For most cases you don't need to modify our default configuration, you might only need to remove or add analyses.
NXF_HOME=$PWD/.nextflow NXF_VER=24.10.4 nextflow run metagenomics/metagenomics-tk -work-dir $(pwd)/work \
-profile slurm \
-entry wFullPipeline \
-ansi-log false \
-params-file https://raw.githubusercontent.com/metagenomics/metagenomics-tk/refs/heads/master/default/fullPipeline_illumina_nanpore_getting_started_part1.yml \
--logDir log1 \
--s3SignIn false \
--scratch /vol/scratch \
--databases /vol/scratch/databases \
--output output \
--input.paired.path https://raw.githubusercontent.com/metagenomics/metagenomics-tk/refs/heads/master/test_data/fullPipeline/reads_split.tsv
where
NXF_HOME
points to the directory where Nextflow internal files and additional configs are stored. The default location is your home directory. However, it might be that your home directory is not shared among all worker nodes and is only available on the master node. In this example the variable points to your current working directory ($PWD/.nextflow
).-work-dir
points in this example to your current working directory and should point to a directory that is shared between all worker nodes.-profile
defines the execution profile that should be used (local or cluster computing).-entry
is the entrypoint of the Toolkit.-params-file
sets the parameters file which defines the parameters for all tools. (see input section below)--logDir
points to a directory where your trace TSV, a timeline HTML of the executed processes and a report regarding the resource consumption of the workflow is saved.--s3SignIn
defines if any S3 login for retrieving inputs is necessary. See the S3 configuration section for more information on how to configure the Toolkit for possible S3 input data.--scratch
is the directory on the worker node where all intermediate results are saved.--databases
is the directory on the worker node where all databases are saved. Already downloaded and extracted databases on a shared file system can be configured in the database setting of the corresponding database section in the configuration file.--output
is the output directory where all results are saved. If you want to know more about which outputs are created, then please refer to the modules section.--input.paired.path
is the path to a TSV file that lists the datasets that should be processed. Besides paired-end data there are also other input types. Please check the input section.
Parameter override
Any parameters defined with a double dash are parameters that override parameters that are already specified in the YAML file.
Input¶
Here you can see the actual input TSV and YAML which was used by the previous command and automatically downloaded by Nextflow. The TSV file only describes the input data, while the YAML file represents the Toolkit configuration.
SAMPLE READS1 READS2
test1 https://openstack.cebitec.uni-bielefeld.de:8080/swift/v1/meta_test/small/read1_1.fq.gz https://openstack.cebitec.uni-bielefeld.de:8080/swift/v1/meta_test/small/read2_1.fq.gz
test2 https://openstack.cebitec.uni-bielefeld.de:8080/swift/v1/meta_test/small/read1_1.fq.gz https://openstack.cebitec.uni-bielefeld.de:8080/swift/v1/meta_test/small/read2_1.fq.gz
Must include the columns SAMPLE
, READS1
and READS2
. SAMPLE
must contain unique dataset identifiers
without whitespaces or special characters. READS1
and READS2
are paired reads and can be HTTPS URLs, S3 links or files.
tempdir: "tmp"
s3SignIn: false
input:
paired:
path: "test_data/fullPipeline/reads_split.tsv"
watch: false
output: output
logDir: log
runid: 1
databases: "/vol/scratch/databases"
publishDirMode: "symlink"
logLevel: 1
scratch: "/vol/scratch"
steps:
qc:
fastp:
# For PE data, the adapter sequence auto-detection is disabled by default since the adapters can be trimmed by overlap analysis. However, you can specify --detect_adapter_for_pe to enable it.

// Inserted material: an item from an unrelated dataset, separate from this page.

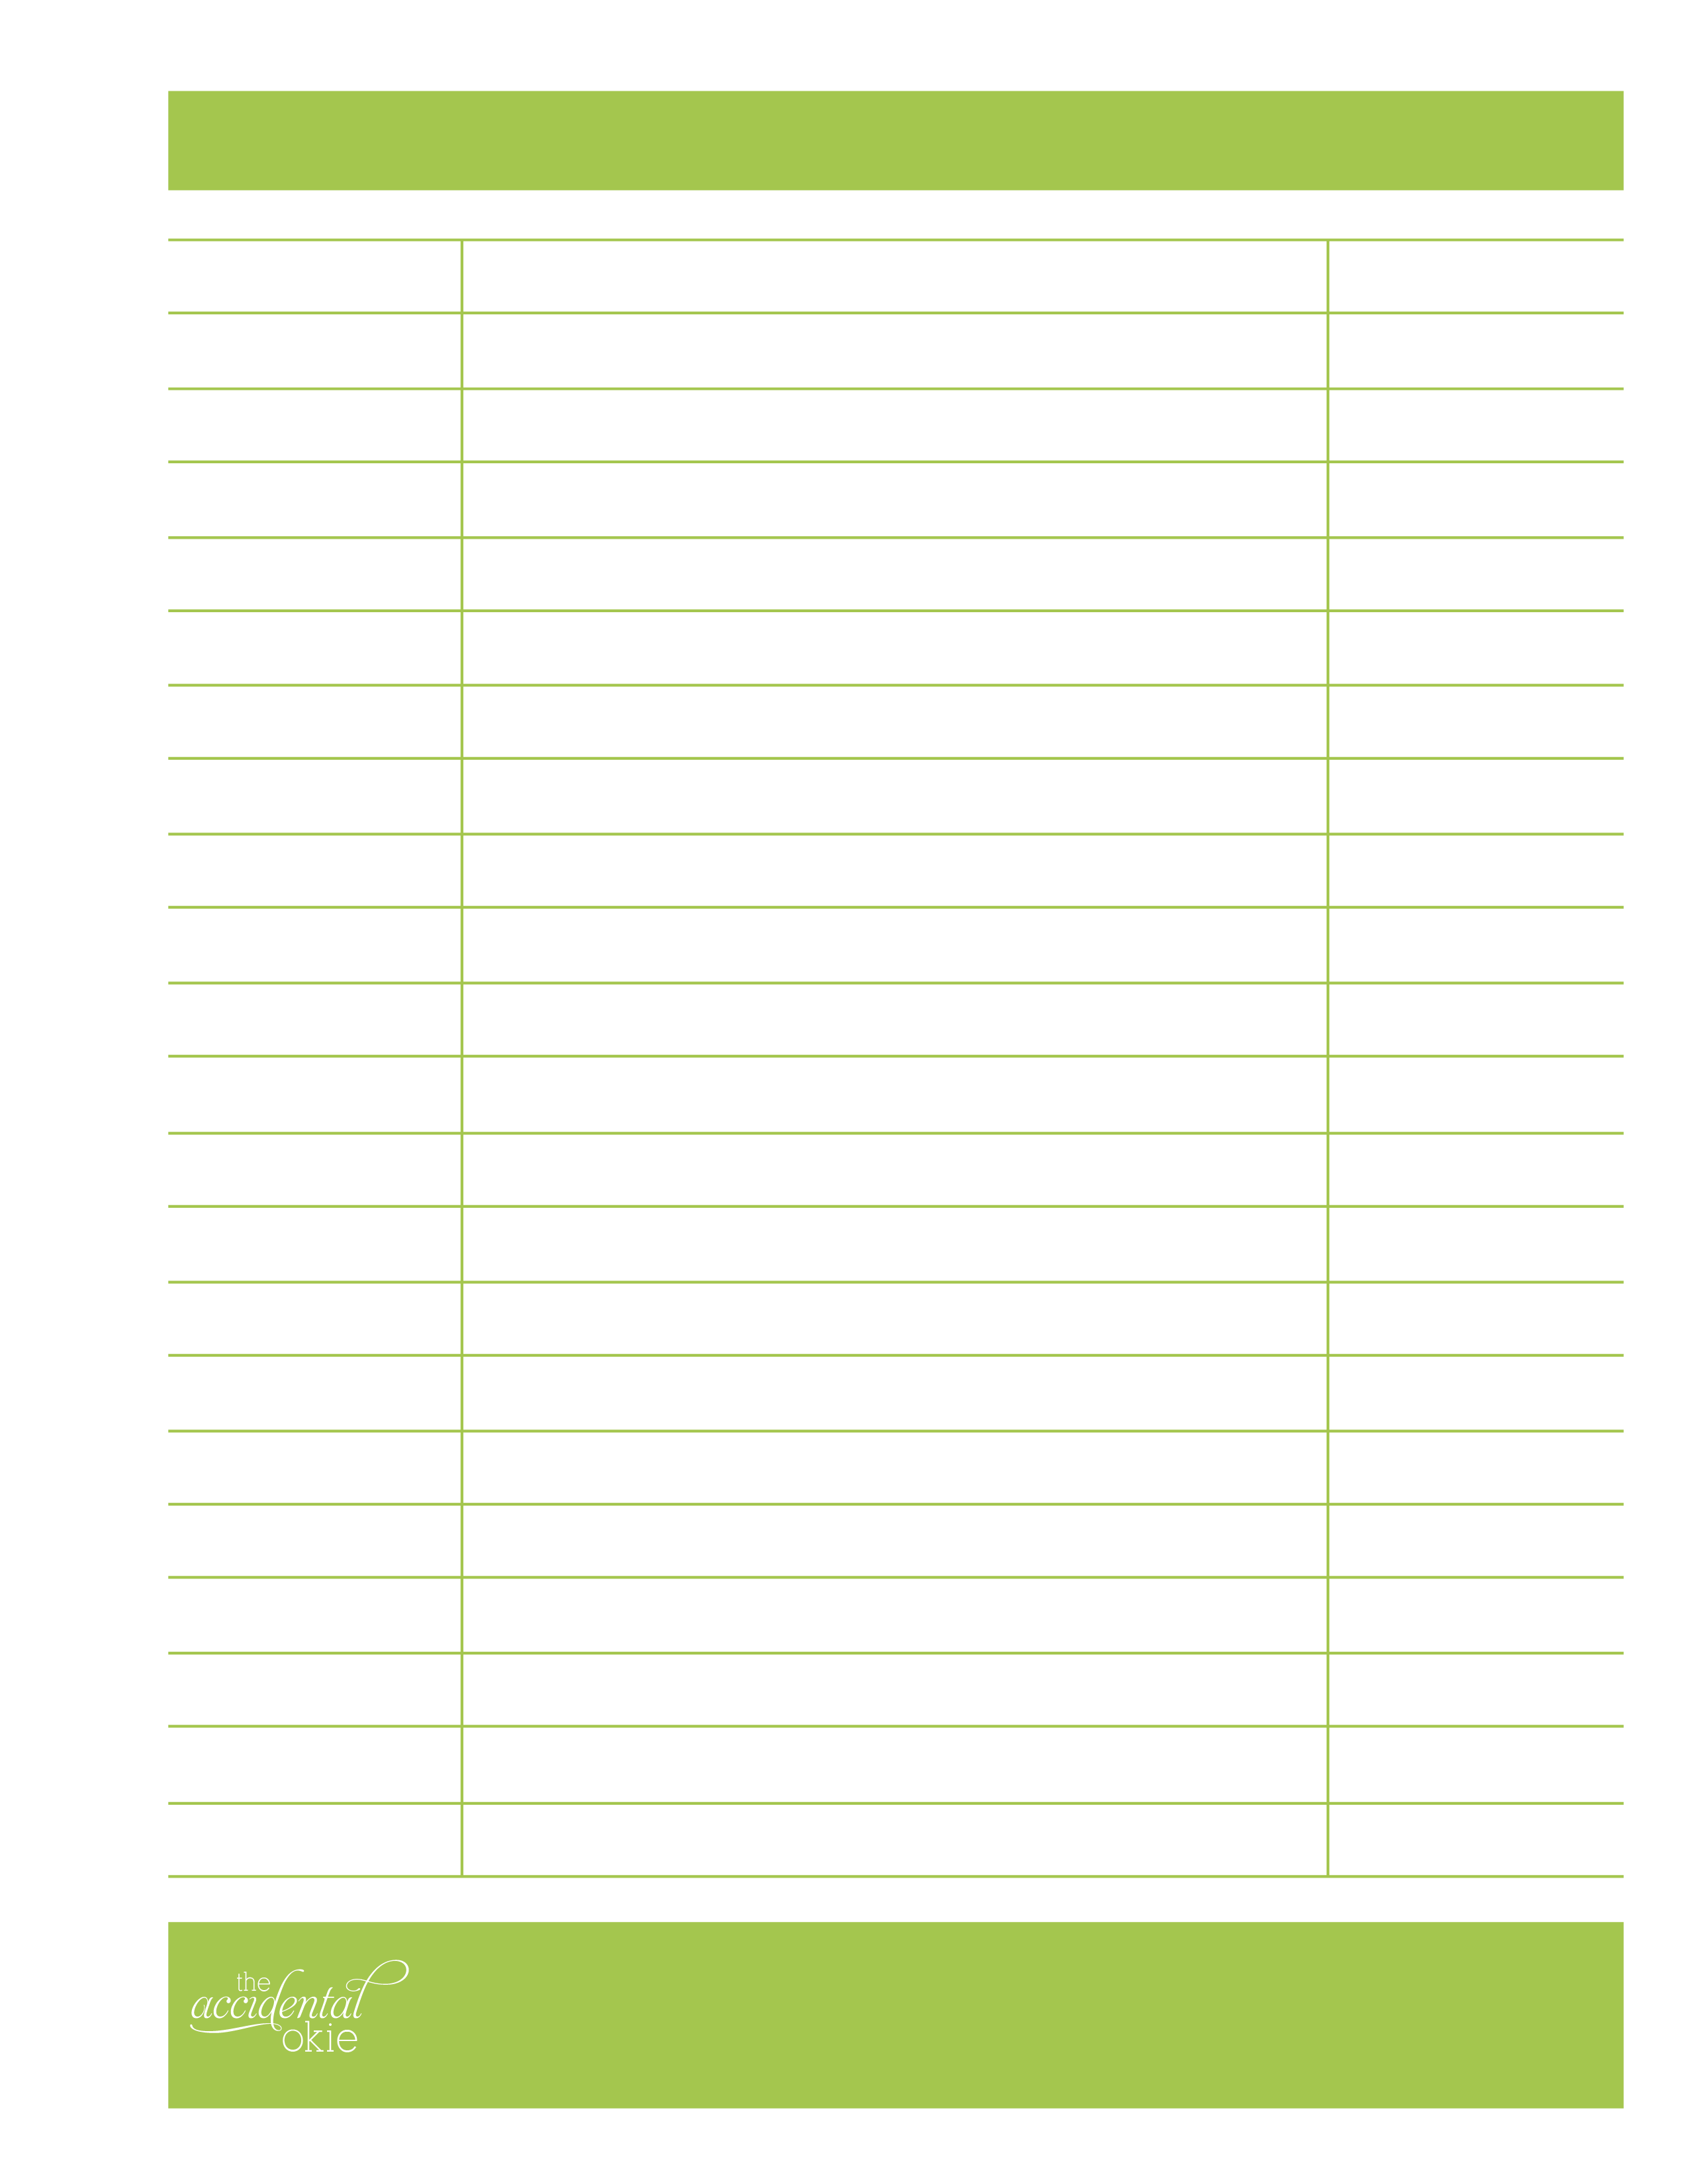 Pin By Sabrina Breuker On Organization

# For PE data, fastp will run a little slower if you specify the sequence adapters or enable adapter auto-detection, but usually result in a slightly cleaner output, since the overlap analysis may fail due to sequencing errors or adapter dimers.
# -q, --qualified_quality_phred the quality value that a base is qualified. Default 15 means phred quality >=Q15 is qualified.

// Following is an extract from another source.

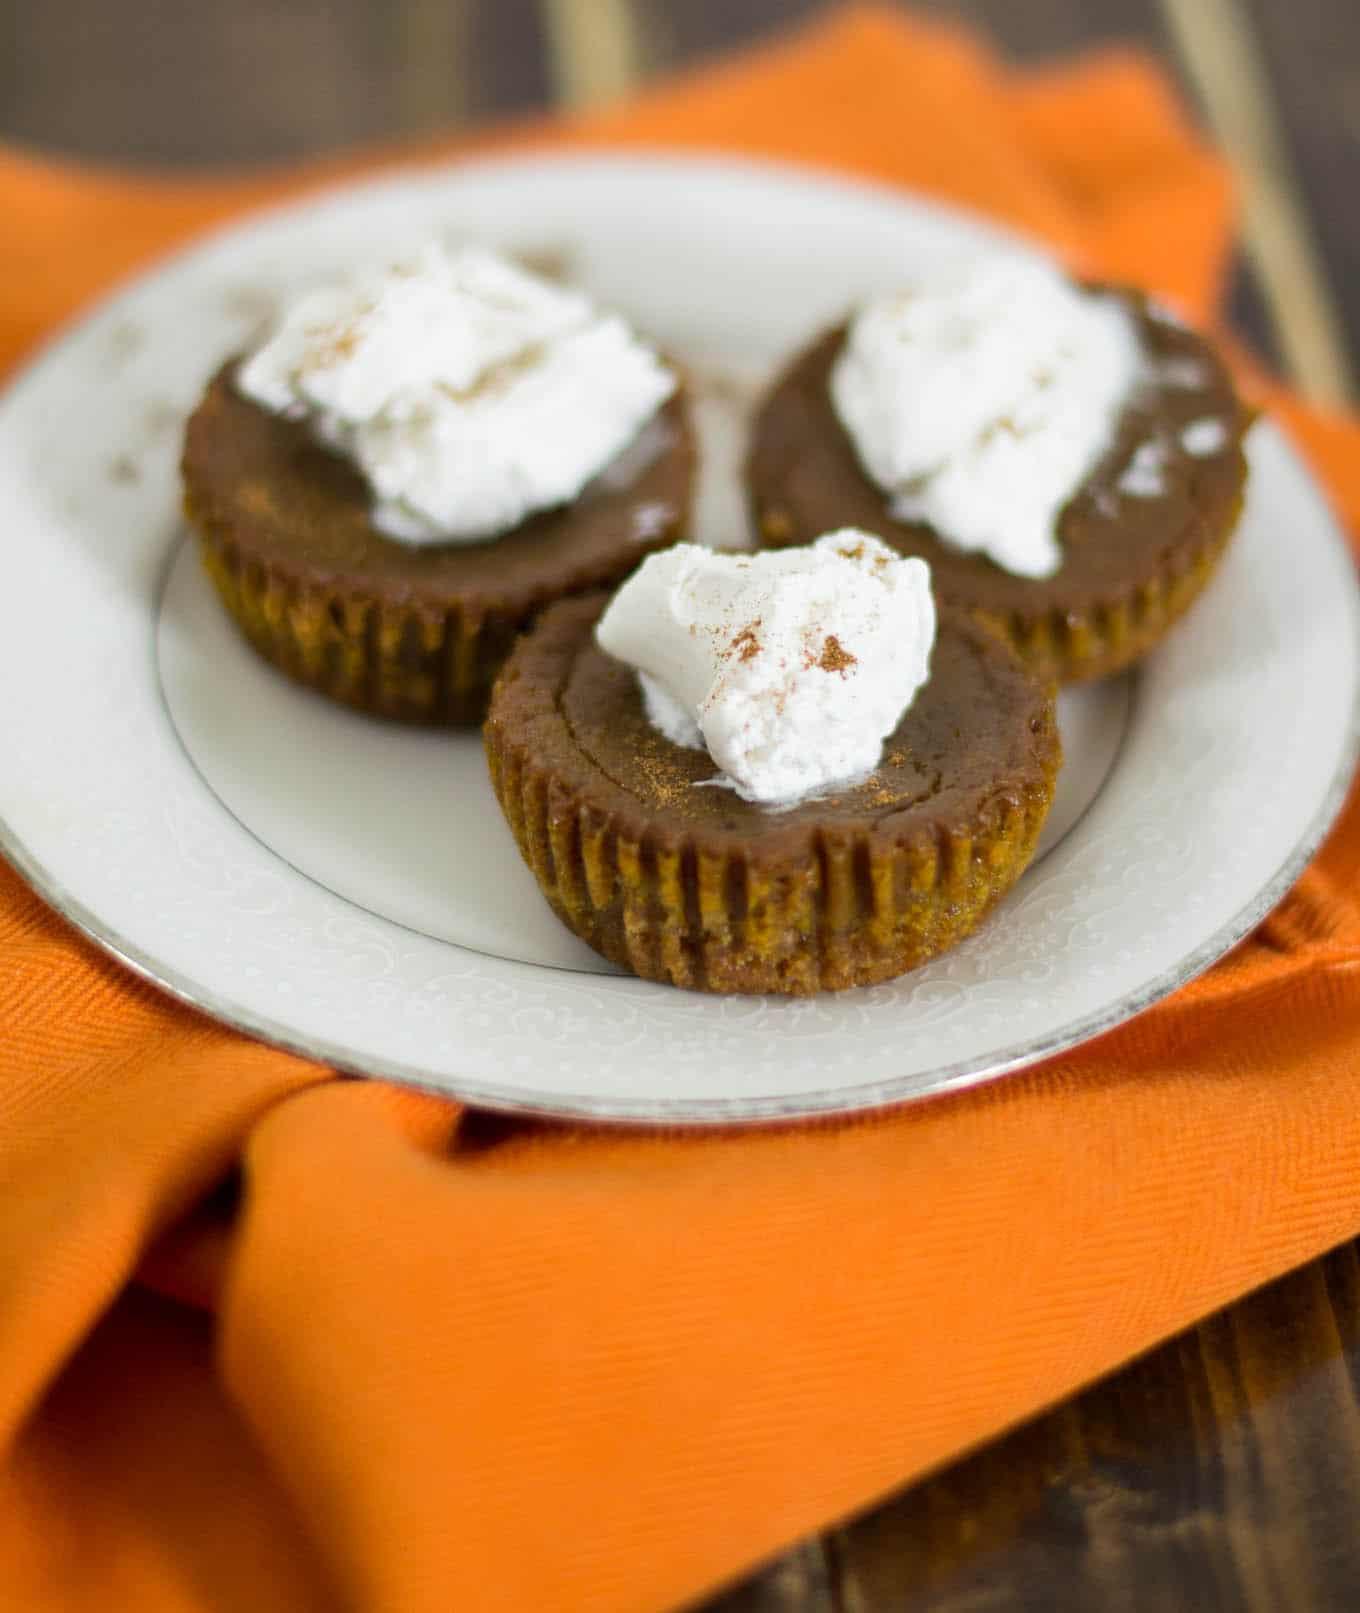 Graham Cracker Crust Pumpkin Pie  Mini Vegan Pumpkin Pies recipe with Homemade Graham

# --cut_front move a sliding window from front (5') to tail, drop the bases in the window if its mean quality is below cut_mean_quality, stop otherwise.
# --length_required reads shorter than length_required will be discarded, default is 15. (int [=15])

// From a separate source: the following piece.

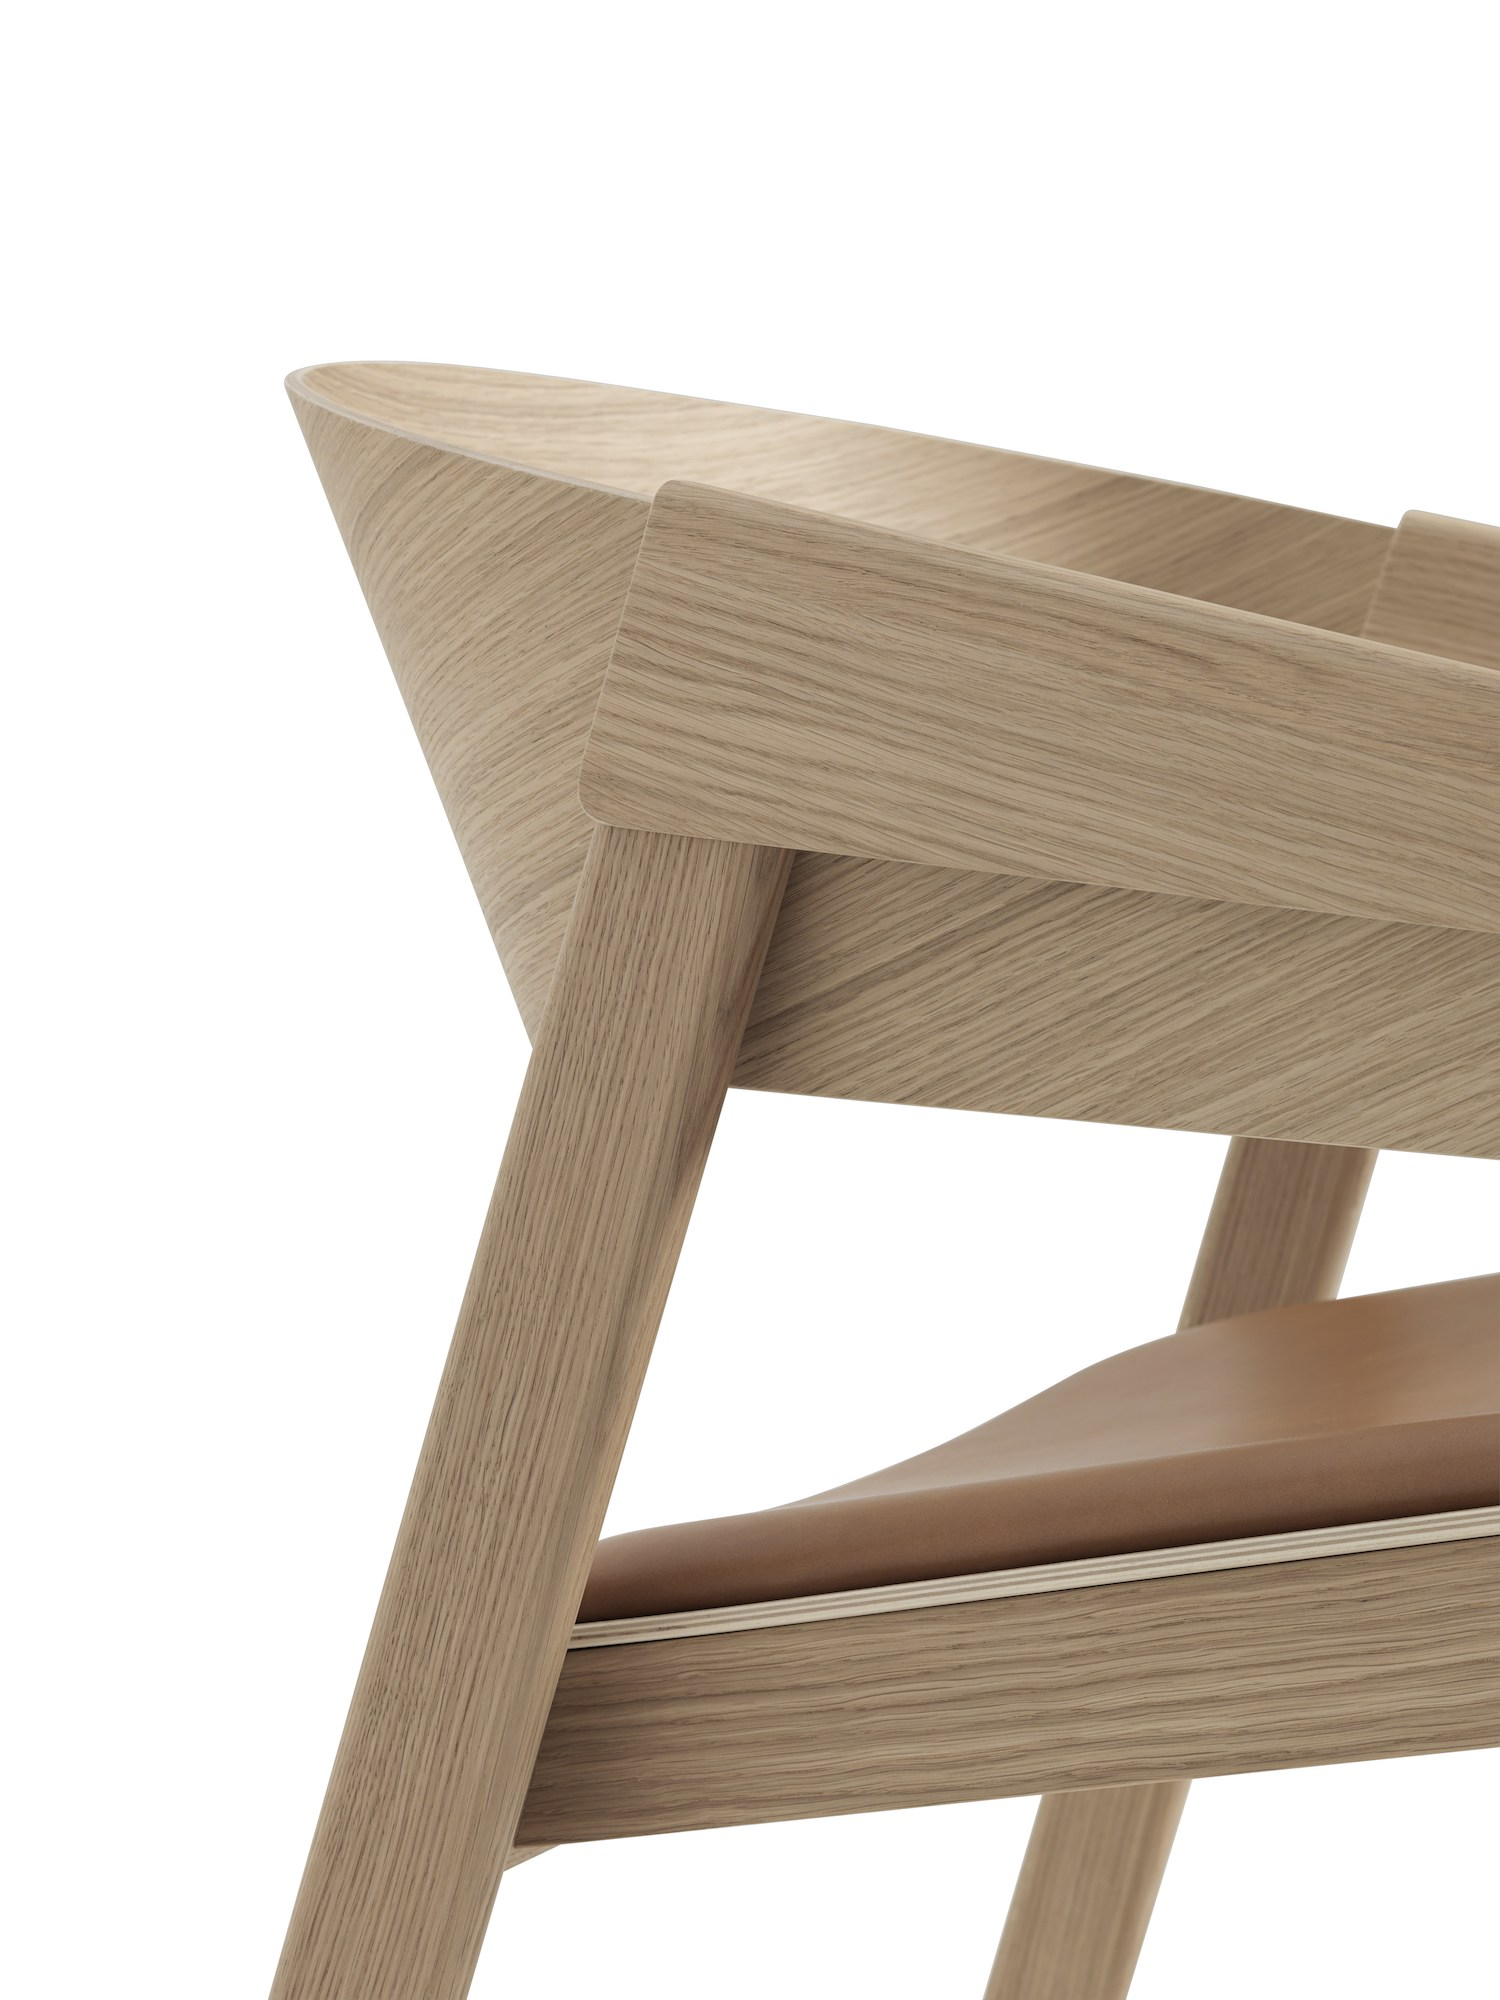 Muuto Cover Lounge Chair Design Thomas Benzen 2019

# PE data, the front/tail trimming settings are given with -f, --trim_front1 and -t, --trim_tail1
additionalParams:
fastp: " --detect_adapter_for_pe -q 20 --cut_front --trim_front1 3 --cut_tail --trim_tail1 3 --cut_mean_quality 10 --length_required 50 "
reportOnly: false
timeLimit: "AUTO"
nonpareil:
additionalParams: " -v 10 -r 1234 "
kmc:
timeLimit: "AUTO"
additionalParams:
# Computes k-mer distribution based on k-mer length 13 and 21
# -sm - use strict memory mode (memory limit from -m<n> switch will not be exceeded)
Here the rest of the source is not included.